TASK DETAILS:
Include the line containing "Brain Dead x" and every line after it up to the end of the material below; reproduce them exactly and drop the pictures.

PROVIDED DATA:
────────

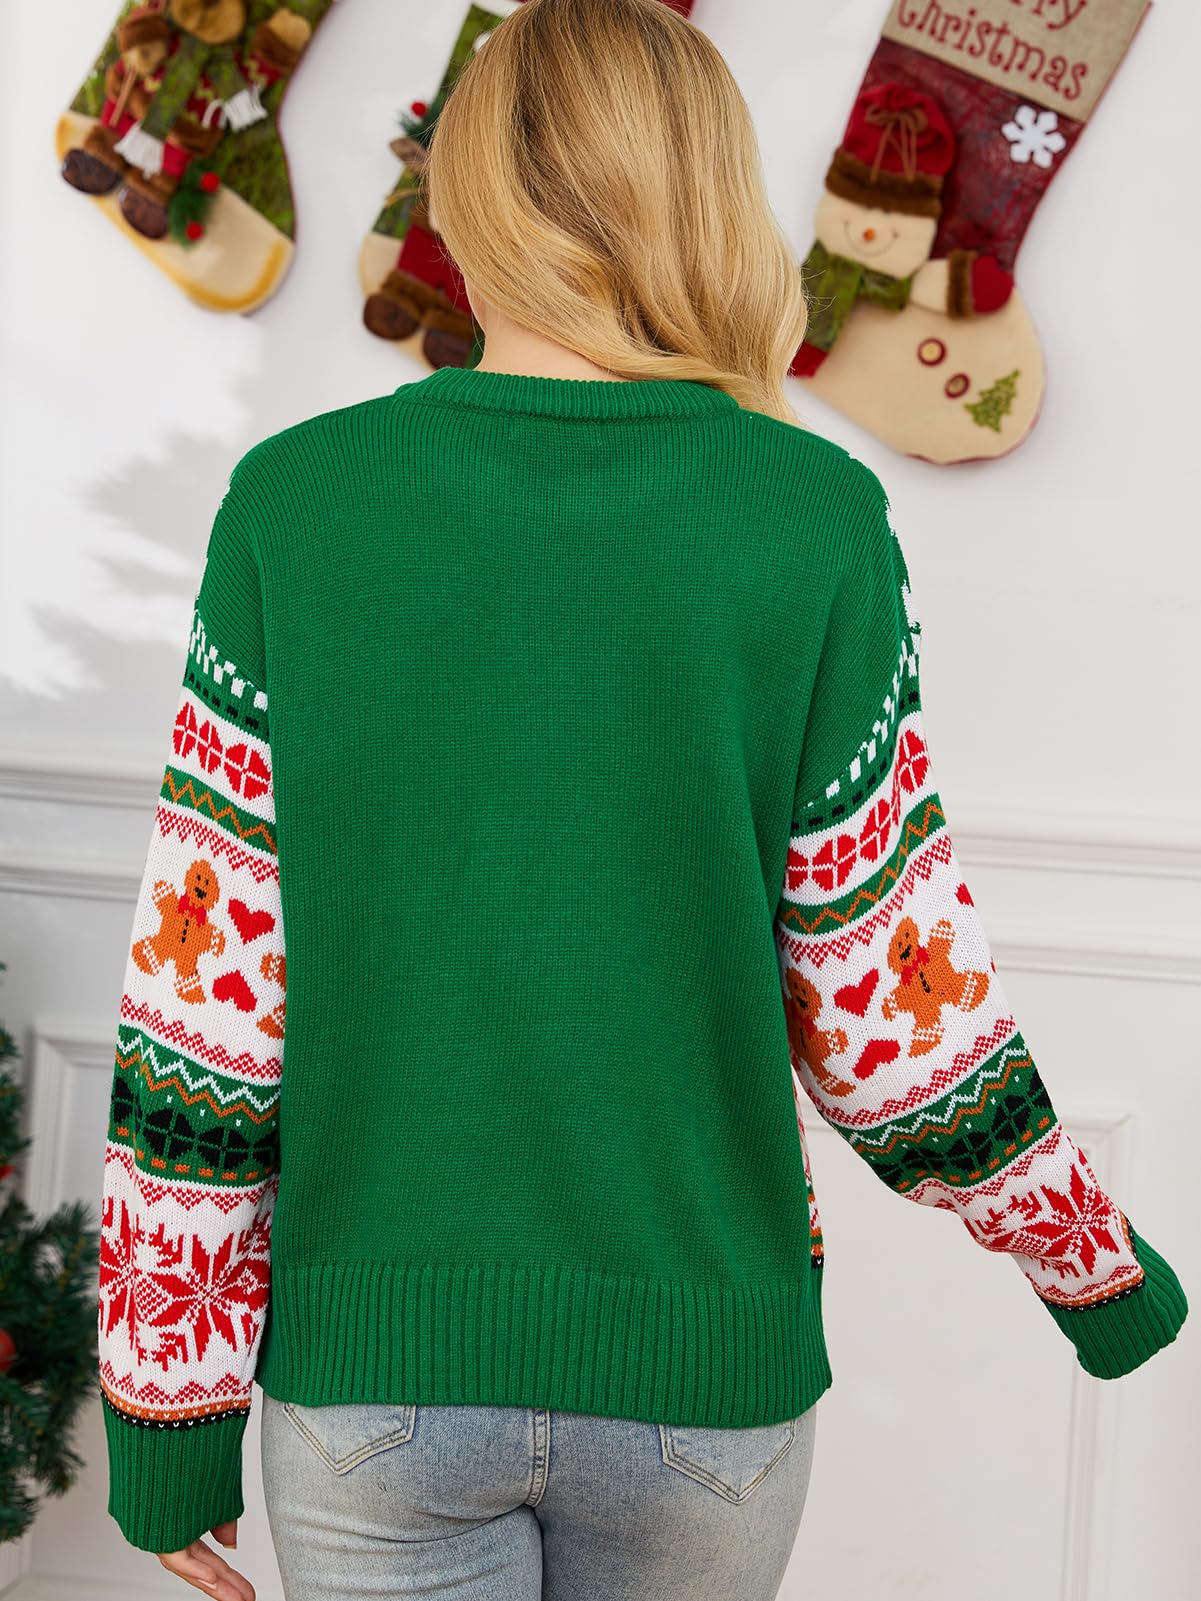 LANPULUX Christmas Sweater for Women Crewneck Adorable Ugly Christmas Sweater Family Matching Outfits Loose Pullover Knitwear
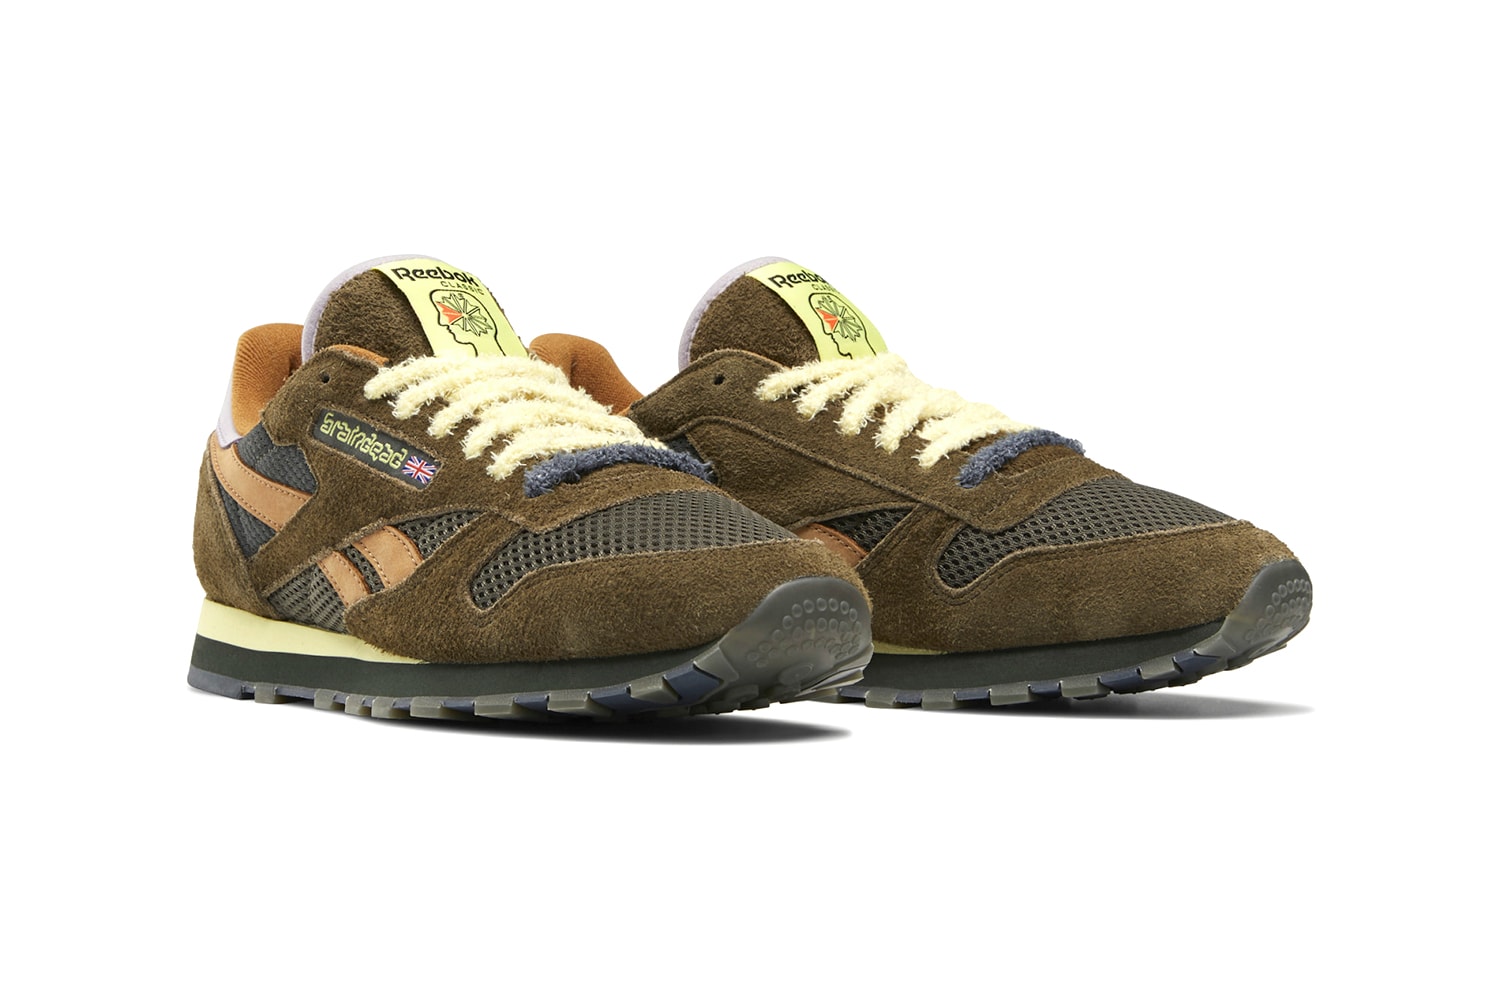 Brain Dead x Reebok Classic Leather Official Images release details info suede brown MOSS / SOFT CAMEL / FILTERED YELLOW FY0832
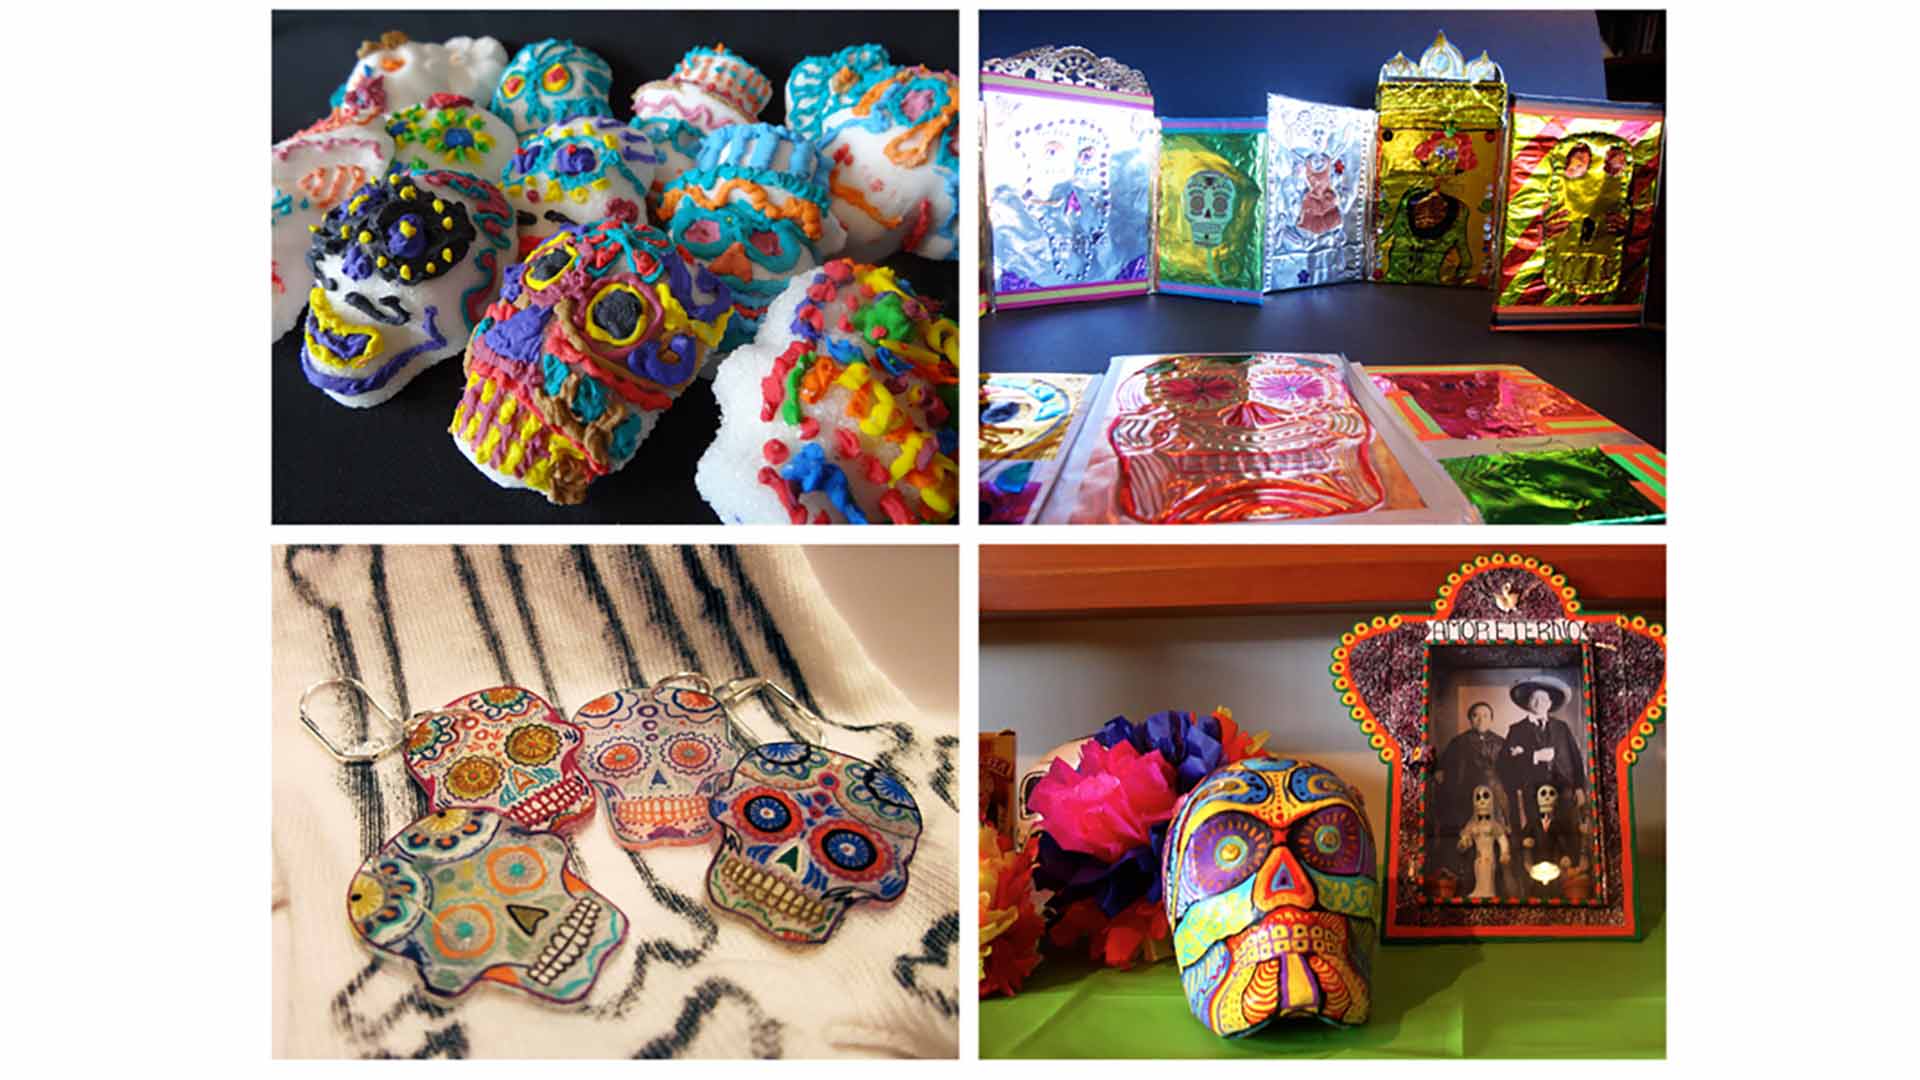 Assortment of Day of the Dead crafts

────────

RESULT FOR THIS EXERCISE:
 Brain Dead x Reebok Classic Leather Official Images release details info suede brown MOSS / SOFT CAMEL / FILTERED YELLOW FY0832
 Assortment of Day of the Dead crafts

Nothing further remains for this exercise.